5. Create Meth Object
Then finally we can create a meth
object, this is the first human readable object we can create from methylKit package. The code is simply:
> meth <- unite(filtered.myobj, destrand=FALSE)
> meth
methylBase object with 554917 rows
--------------
chr start end strand coverage1 numCs1 numTs1 coverage2 numCs2 numTs2
1 1 1110 1110 + 46 45 1 55 45 10
2 1 1167 1167 - 89 78 11 35 33 2
3 1 12008 12008 + 197 1 196 86 1 85
4 1 12023 12023 + 198 0 198 86 0 86
5 1 12038 12038 + 198 0 198 83 0 83
6 1 12039 12039 - 218 0 218 104 0 104
...
Also meth object contains the number of total CpGs we get across all samples:
> dim(meth)
[1] 554917 22
>
A very important step is here, to generate beta matrix, this matrix may not help for DMR/DMP calling, but it's definitly useful for visualisation. A beta matrix here could allow me to implement a lot of array based algorithm on to sequence based data.

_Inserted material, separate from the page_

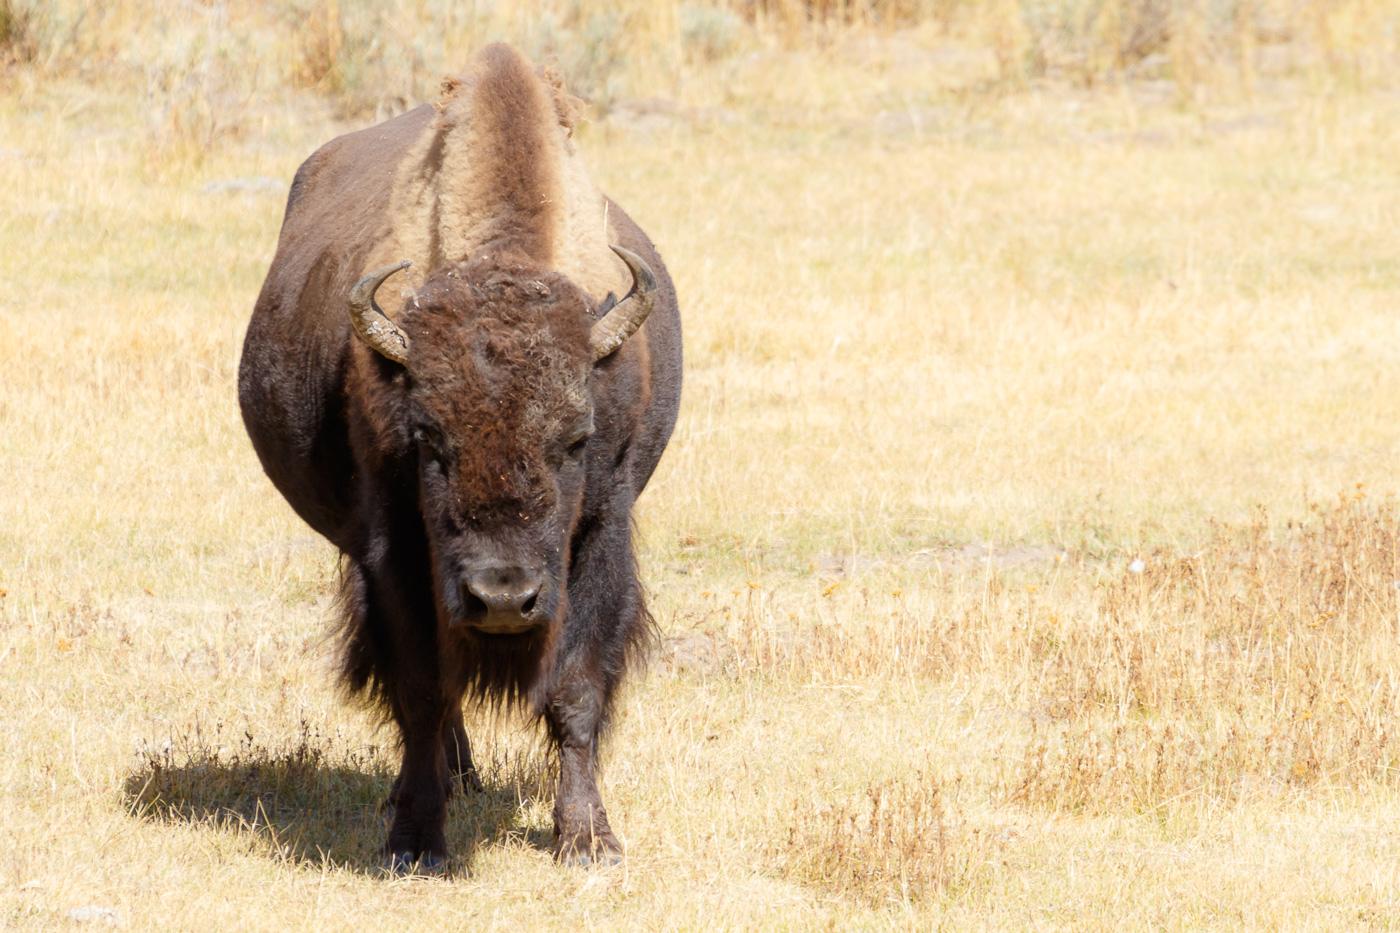 Bison (Bison bison), Yellowstone National Park, U.S.A. - Fauna de Nord-Amèrica - Raül Carmona - Fotografia, Fotografia d'estudi, esdeveniments i Natura

> beta <- percMethylation(meth)/100
> dim(beta)
[1] 554917 6
> head(beta)
WildType_1 WildType_2 WildType_3 Mutation_1 Mutation_2 Mutation_3
[1,] 0.978260870 0.81818182 0.8333333 0.9302326 0.907216495 0.846153846
[2,] 0.876404494 0.94285714 0.9428571 0.9056604 0.862385321 0.830188679
[3,] 0.005076142 0.01162791 0.0000000 0.0000000 0.003649635 0.005263158
[4,] 0.000000000 0.00000000 0.0000000 0.0000000 0.007272727 0.005263158
[5,] 0.000000000 0.00000000 0.0000000 0.0000000 0.003663004 0.000000000
[6,] 0.000000000 0.00000000 0.0000000 0.0000000 0.006211180 0.000000000
>
So above are two very important file generate from methylKit, meth
and beta
. A lot of downstream analysis would be done based on them.